Bir teknik direktörün, kötü sonuç alınmış bir maçtan sonra; intikam duygusuyla kadro değişikliğine gidebileceğine inanmam... Ama Pereira’nın Bursaspor kadrosu, burnuma kötü kokular getirdi. Budama operasyonunu (Molde şoku nedeniyle) ne rotasyona bağladım, ne de alternatif üretme çabasına... Hadi buna intikam demeyelim ama, en azından gözdağı teşebbüsü diyelim!
Yapılmak istenen her ne ise, doğrusu işe yaradı. Çünkü F.Bahçe, bu sezon hiç olmadığı kadar maça iştahlı başladı. Bu iştah tempoyla, hırsla ve sonuç alma tutkusu ile beslendi. Doğrusunu isterseniz; Markoviç’in ana organizasyonuyla gelişen atak, takım oyununun zaferiyle sonuçlanmış bir golle süslendi. F.Bahçe’de işler iyi görünüyordu ama, yarım saat sonra aniden dinlenme molası verdiler. Devreye kadar, hem Bursaspor’u hem fincancı katırlarını ürkütmemeye çalıştılar.
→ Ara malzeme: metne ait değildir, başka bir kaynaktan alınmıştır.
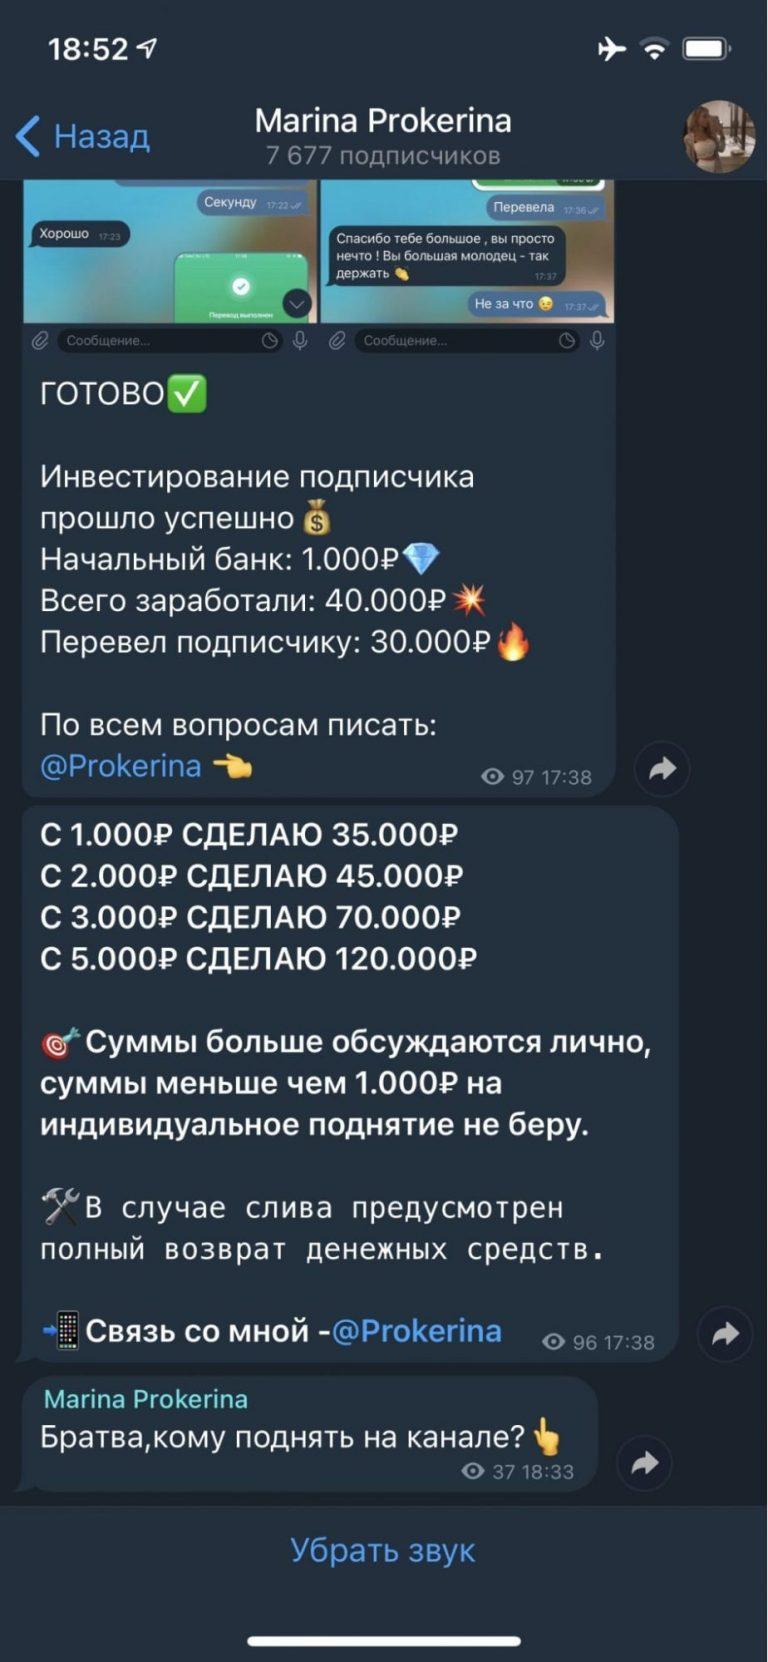 Марина Прокерина - раскрутка счета

İşte ben bu ani dönüşlere, kaytarma çabalarına, olanı yeterli görme gafletlerine kızıyorum. Bizim takımlar; niye başladıkları coşkuyla işi sürdürme disiplinine sahip olamazlar! Alman yapar da, biz niçin yapamayız.
***
Maçın ikinci yarısı da, vites küçülten F.Bahçe’nin oyunu idare etmeye yönelik “Aktif dinlenme” çabasıyla başladı. Markoviç seri ve keskin driplingleriyle, takımını yeniden canlandırma hatta ateşleme teşebbüslerine girişse de, ilk yarım saatin rüzgarı bir türlü oluşmuyordu. Bursaspor bu durgunluktan yaralanıp (Üstelik bacak arasından) golünü attı.
F.Bahçe kendi yararına verilmesi gereken 3 penaltılık pozisyondan, umduğunu bulamadı. Oysa, ilk yarıda göğüse yapışık durumdaki kola çarpan top olayı da dahil; tartışılan bütün pozisyonların penaltıyla ilgisi yoktu. Avanta beklemeyin.
***
İşler iyi giderken, birden tersine akan nehir; F.Bahçe’ye şamar gibi geldi. Takım harekete geçti ama, sinirlendi. Hız arttırayım derken, telaşa da kapıldılar. Neyse ki, Van Persie takımı ipten aldı.